Once a transcript has been retrieved via a completed status or has thrown an error status, it should now be deleted via a DEL request to https://api.assemblyai.com/v2/transcript:transcript_id. This will trigger a deletion job on AssemblyAI’s end.Â
Regarding the deletion of audio data, if you used a presigned URL and host the audio file in your cloud environment, all audio data will also be deleted when the deletion request for a given transcript_id is submitted. If you used the upload endpoint for your audio file https://www.assemblyai.com/docs/api-reference/files/upload, the audio file data from this endpoint will be deleted on a schedule after 2 days. All intermediate audio transcription artifacts used for processing the file - transcoded audio, original audio files, etc. - will be deleted on a schedule after 3 days, unless a deletion request is submitted.
You can also reference the API documentation for the requests above:
- Transcribe a file - POST request
- Retrieve a transcript - GET request
- Delete a transcript - DEL request
- Handling transcription errors
Confirming Data Deletion: Pre-recorded audio
Should you wish to confirm a file has been deleted, or in case you did not store the transcript_id when the transcription request was made, you can get a list of all transcripts.
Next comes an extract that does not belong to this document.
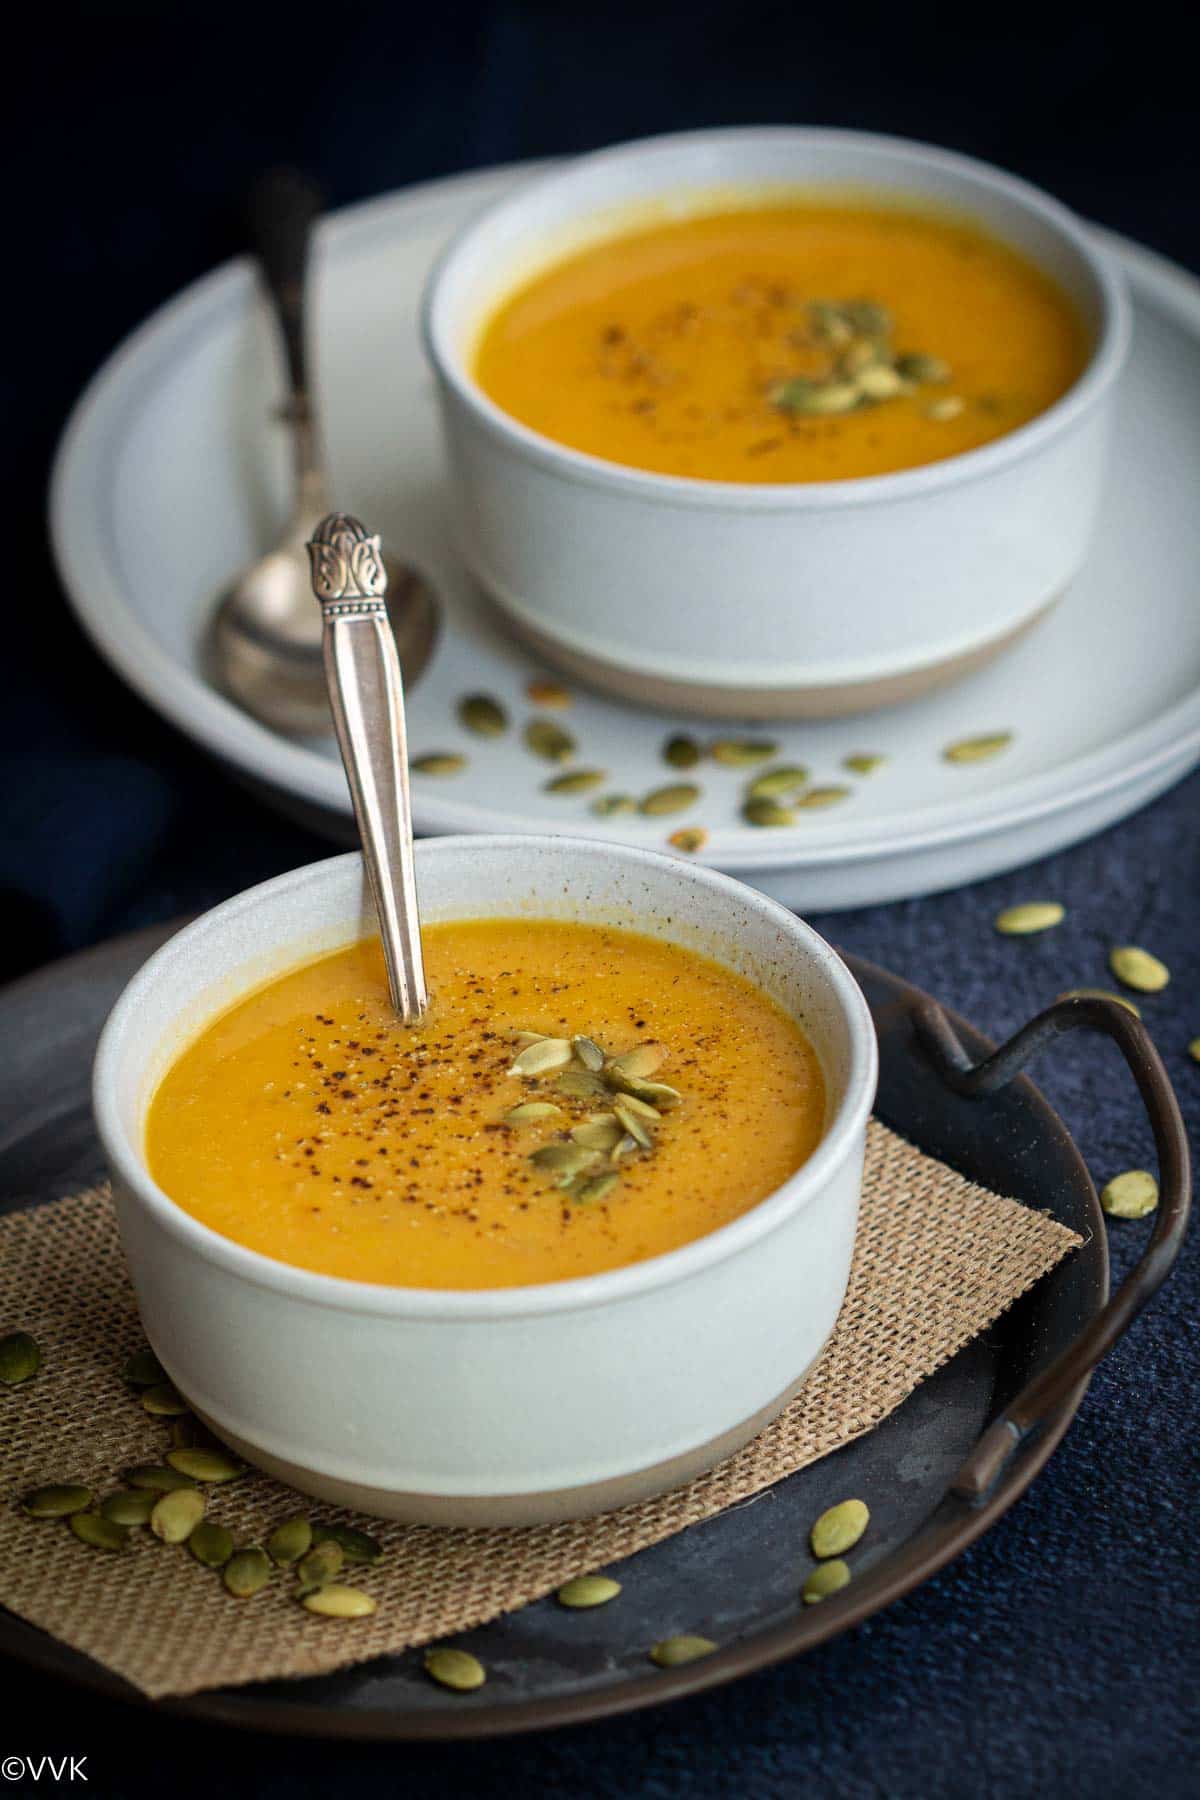 vegan pumpkin soup served in two white ceramic bowls placed on burlap cloth

You can make a GET request to https://api.assemblyai.com/v2/transcript, which will return a list of all transcripts created or specify a transcript_id to get a single transcript status. This will provide a full list of all transcripts associated with an account and their current status.
Streaming audio in production environment
This section applies only to the streaming audio transcription endpoint: wss://streaming.assemblyai.com/v3/ws.
If you are opted out of model training, we do not store or maintain any information about the audio streamed to us in our Streaming Product - it is processed for transcription and thrown away. Certain metadata about the transcript is stored and maintained for logging and billing purposes, but none of the original audio is stored.
Model training:
The model training environment differs from the production environment. You can find more information on model training in our Model Training FAQ. If you would like to opt out of model training, please see our Opt-Out FAQ.